• _WHAT IS NEEDED_:
In the records below, the relevant part opens with the line containing "Ensemble de 6" and closes with the line containing "Choosing Singular Or"; print that part exactly and only, without its pictures.

• _ENTRIES SUPPLIED_:
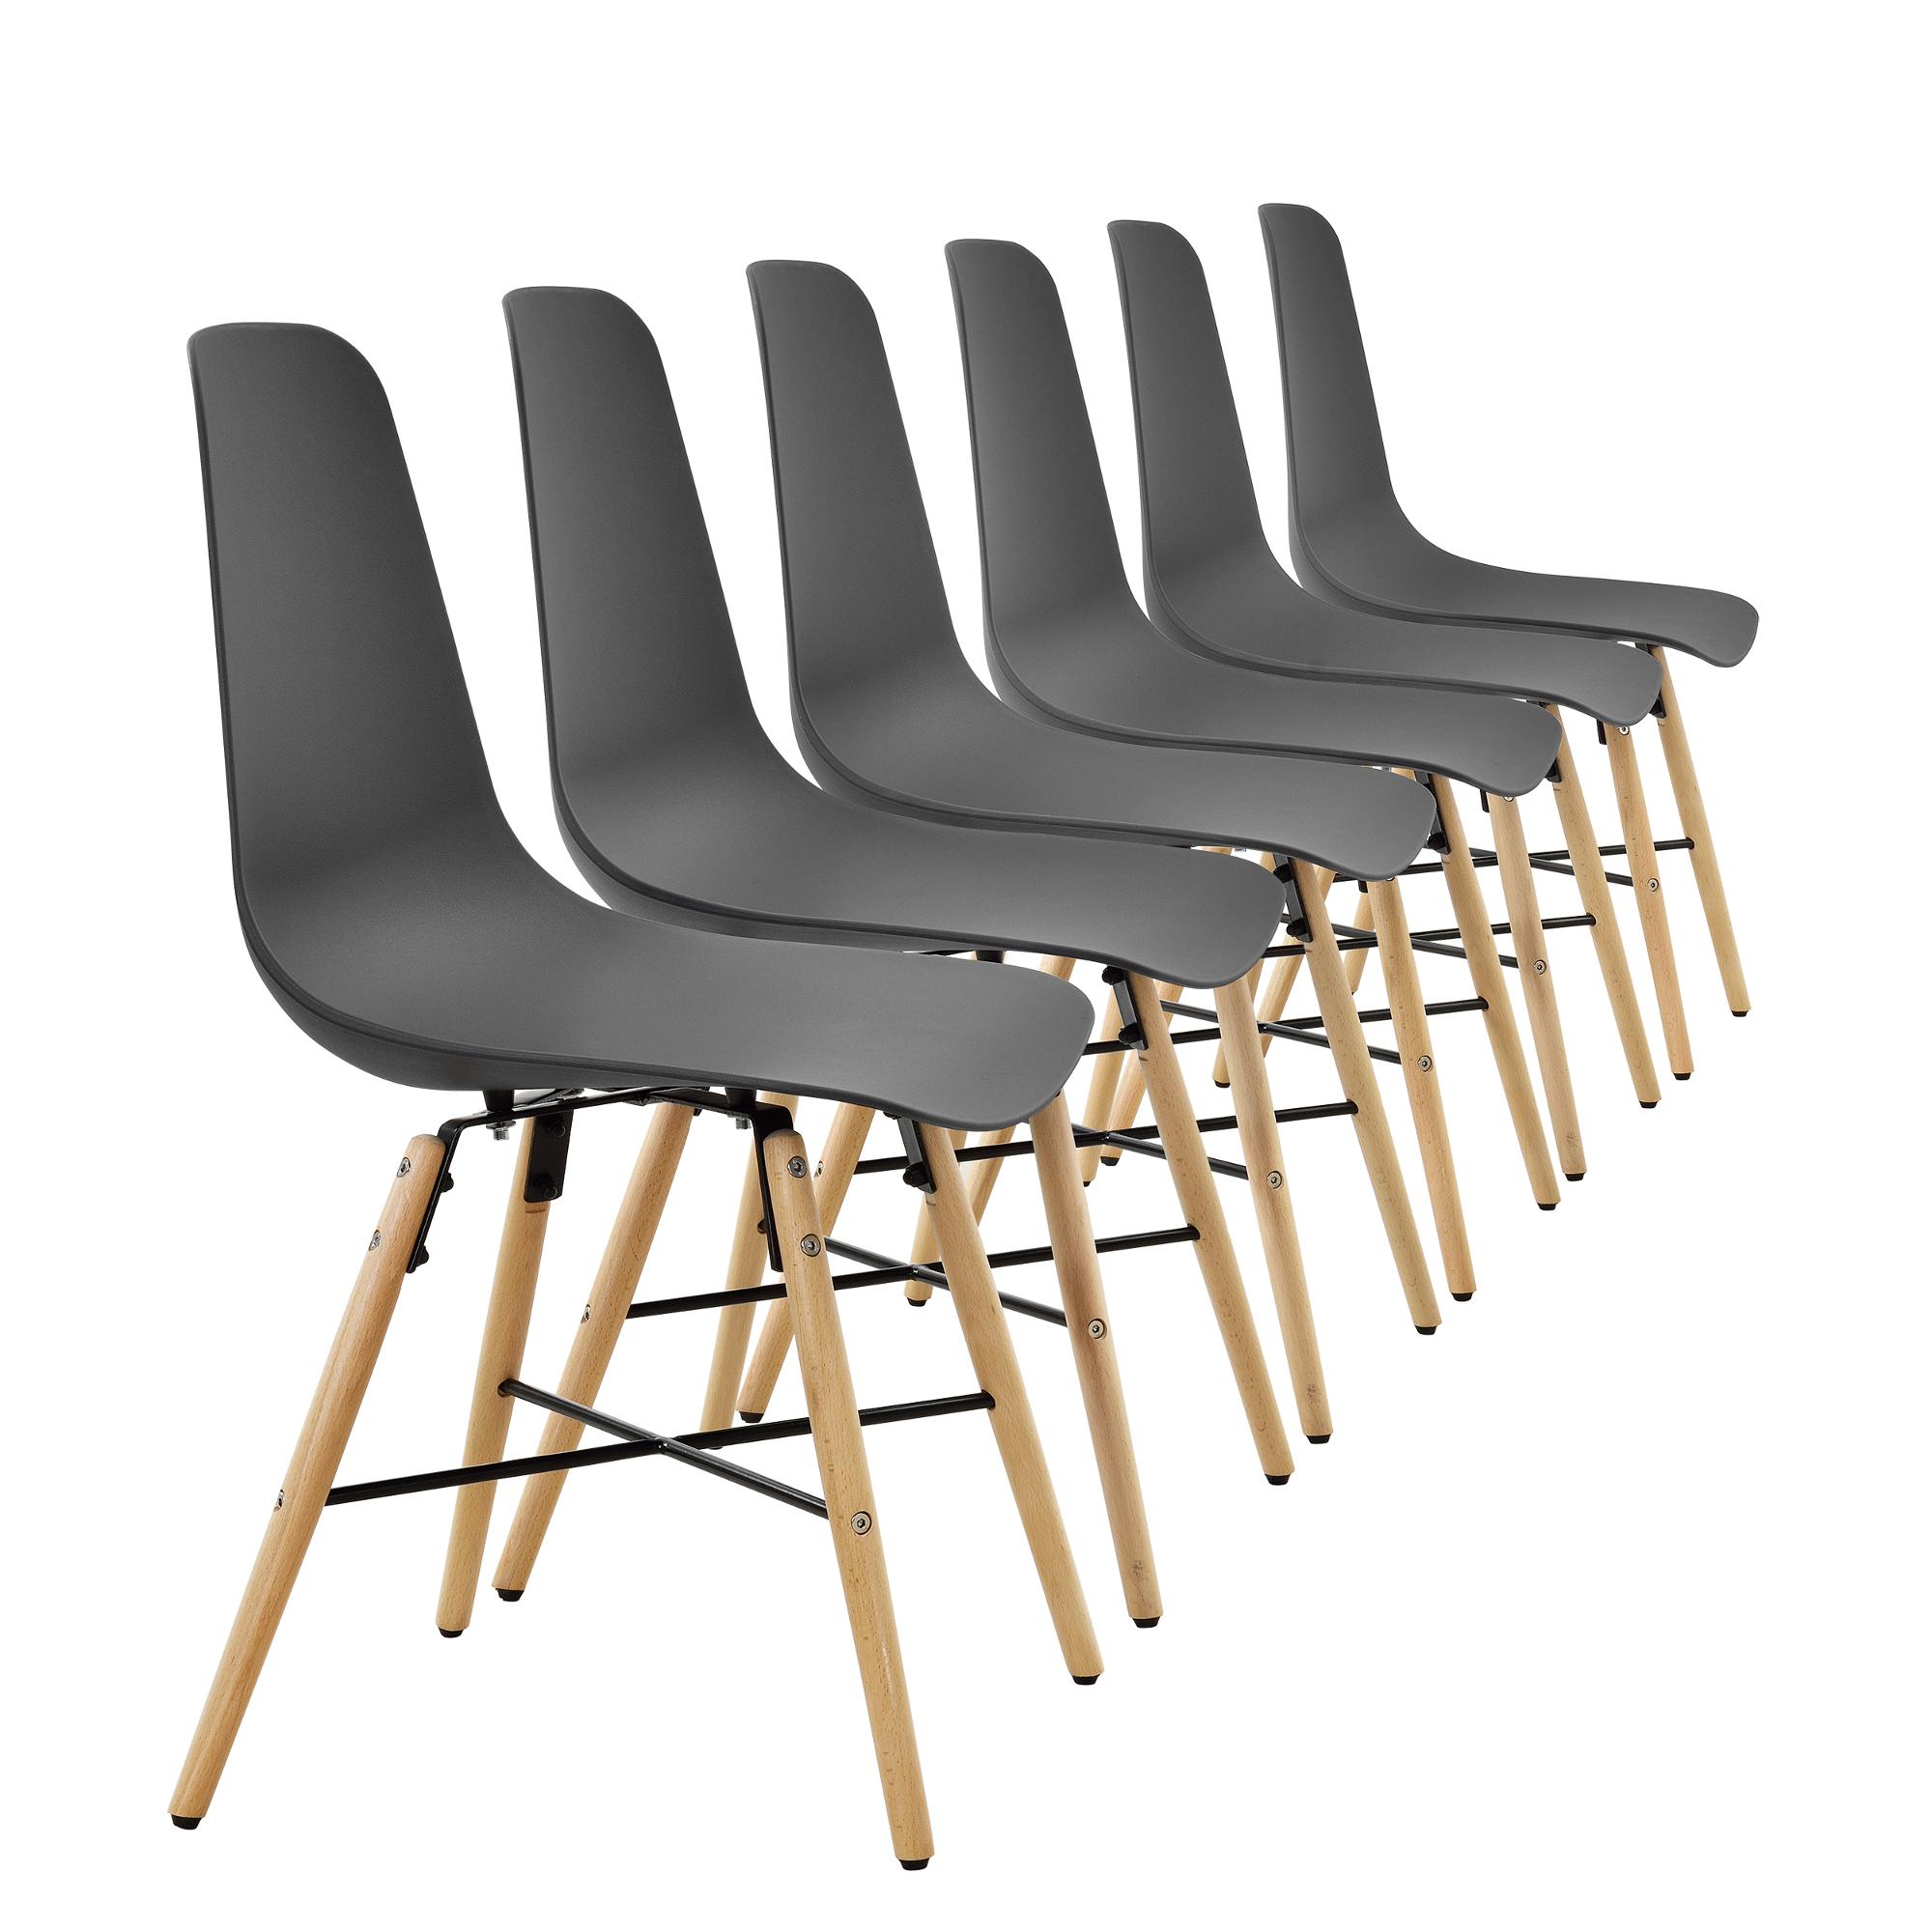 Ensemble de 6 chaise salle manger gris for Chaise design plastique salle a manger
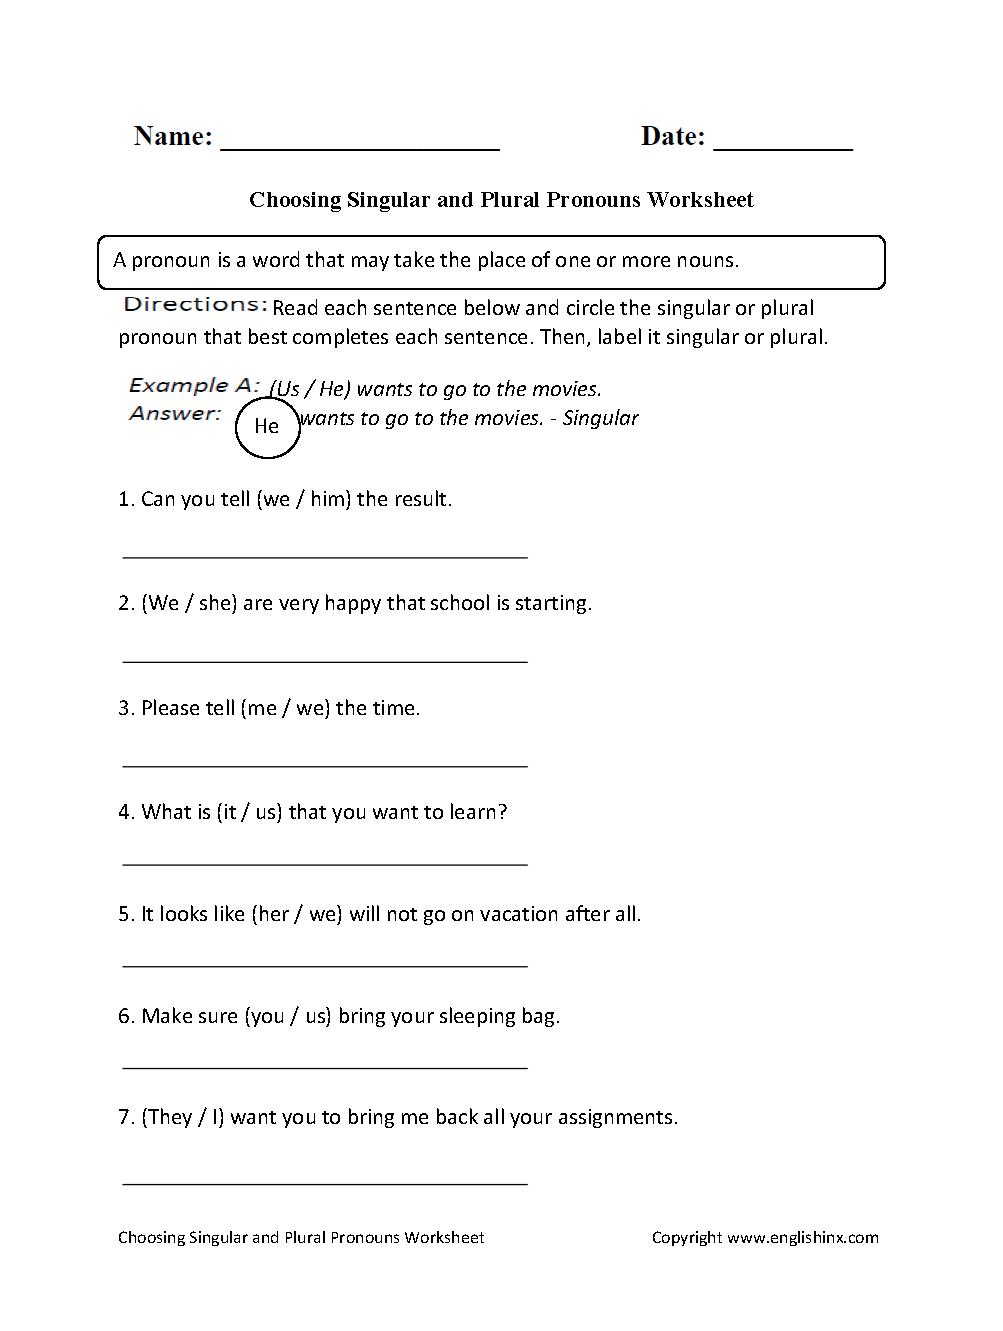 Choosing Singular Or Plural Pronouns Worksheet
---
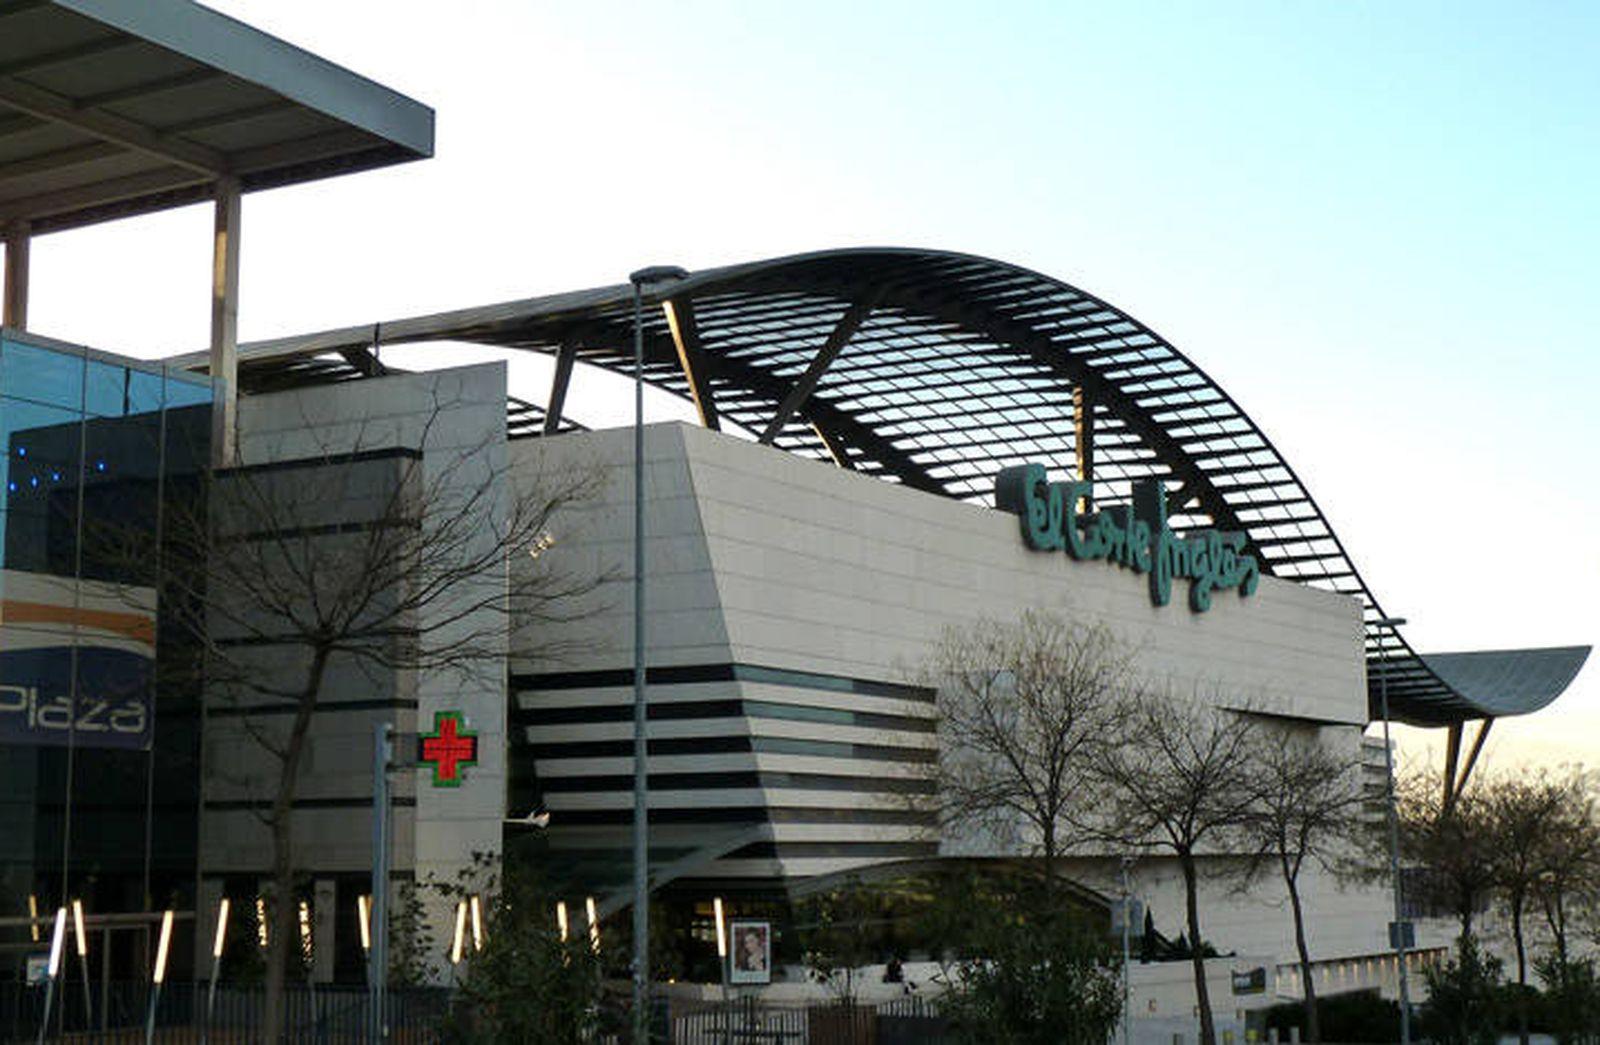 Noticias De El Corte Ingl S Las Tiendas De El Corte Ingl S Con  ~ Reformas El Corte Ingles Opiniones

• _EXERCISE RESULT_:
 Ensemble de 6 chaise salle manger gris for Chaise design plastique salle a manger
 Choosing Singular Or Plural Pronouns Worksheet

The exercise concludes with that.